Added by normal about 7 years ago

string.c (str_uminus): deduplicate strings

This exposes the rb_fstring internal function to return a
deduped and frozen string when a non-frozen string is given.
This is useful for writing all sorts of record processing key
values maybe stored, but certain keys and values are often
duplicated at a high frequency, so memory savings can
noticeable.

Use cases are many:

  • email/NNTP header processing

    There are some standard header keys everybody uses
    (From/To/Cc/Date/Subject/Received/Message-ID/References/In-Reply-To),
    as well as common ones specific to a certain lists:
    (ruby-core has X-Redmine-* headers)
    It is also useful to dedupe values, as most inboxes have
    multiple messages from the same sender, or MUA.

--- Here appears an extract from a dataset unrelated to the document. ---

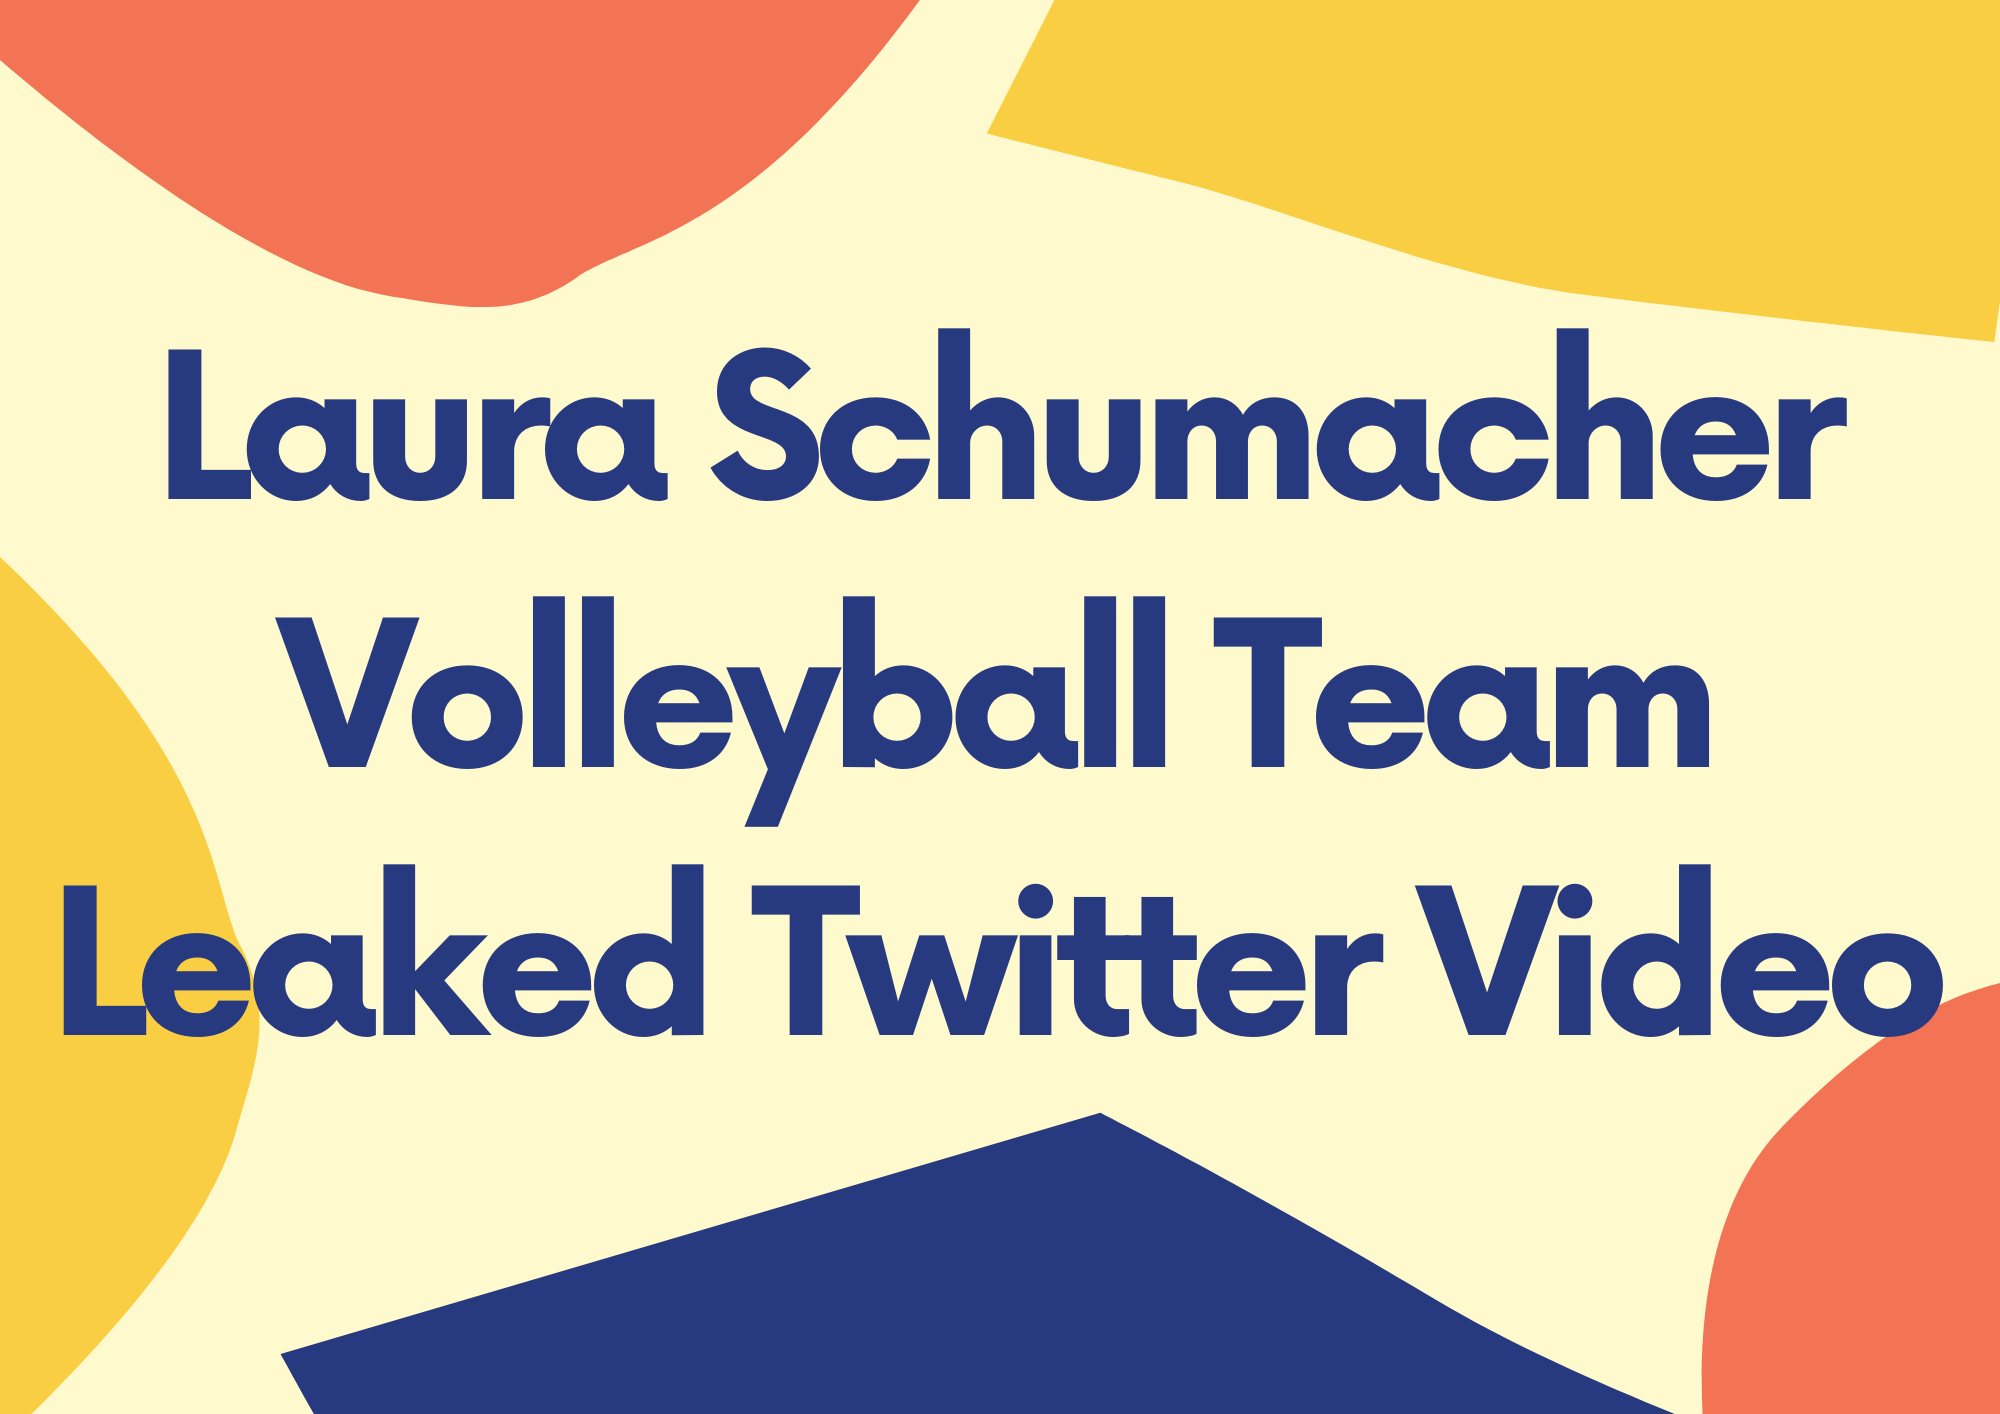 Laura Schumacher Volleyball Team Leaked Twitter Video

  • package management systems -
    things like RubyGems stores identical strings for licenses,
    dependency names, author names/emails, etc

  • HTTP headers/trailers -
    standard headers (Host/Accept/Accept-Encoding/User-Agent/...)
    are common, but there are also uncommon ones.
    Values may be deduped, as well, as it is likely a user
    agent will make multiple/parallel requests to the same
    server.

  • version control systems -
    this can be useful for deduplicating names of frequent
    committers (like "nobu" :)

    In linux.git and git.git, there are also common
    trailers such as Signed-Off-By/Acked-by/Reviewed-by/Fixes/...
    as well as less common ones.

  • audio metadata -

    There are commonly used tags (Artist/Album/Title/Tracknumber),
    but Vorbis comments allows arbitrary key values to be stored.
    Music collections contain songs by the same artist or mutiple
    songs from the same album, so deduplicating values will be
    helpful there, too.

  • JSON, YAML, XML, HTML processing

    Certain fields, tags and attributes are commonly used
    across the same and multiple documents

There is no security concern in this being a DoS vector by
causing immortal strings. The fstring table is not a GC-root
and not walked during the mark phase. GC-able dynamic symbols
since Ruby 2.2 are handled in the same manner, and that
implementation also relies on the non-immortality of fstrings.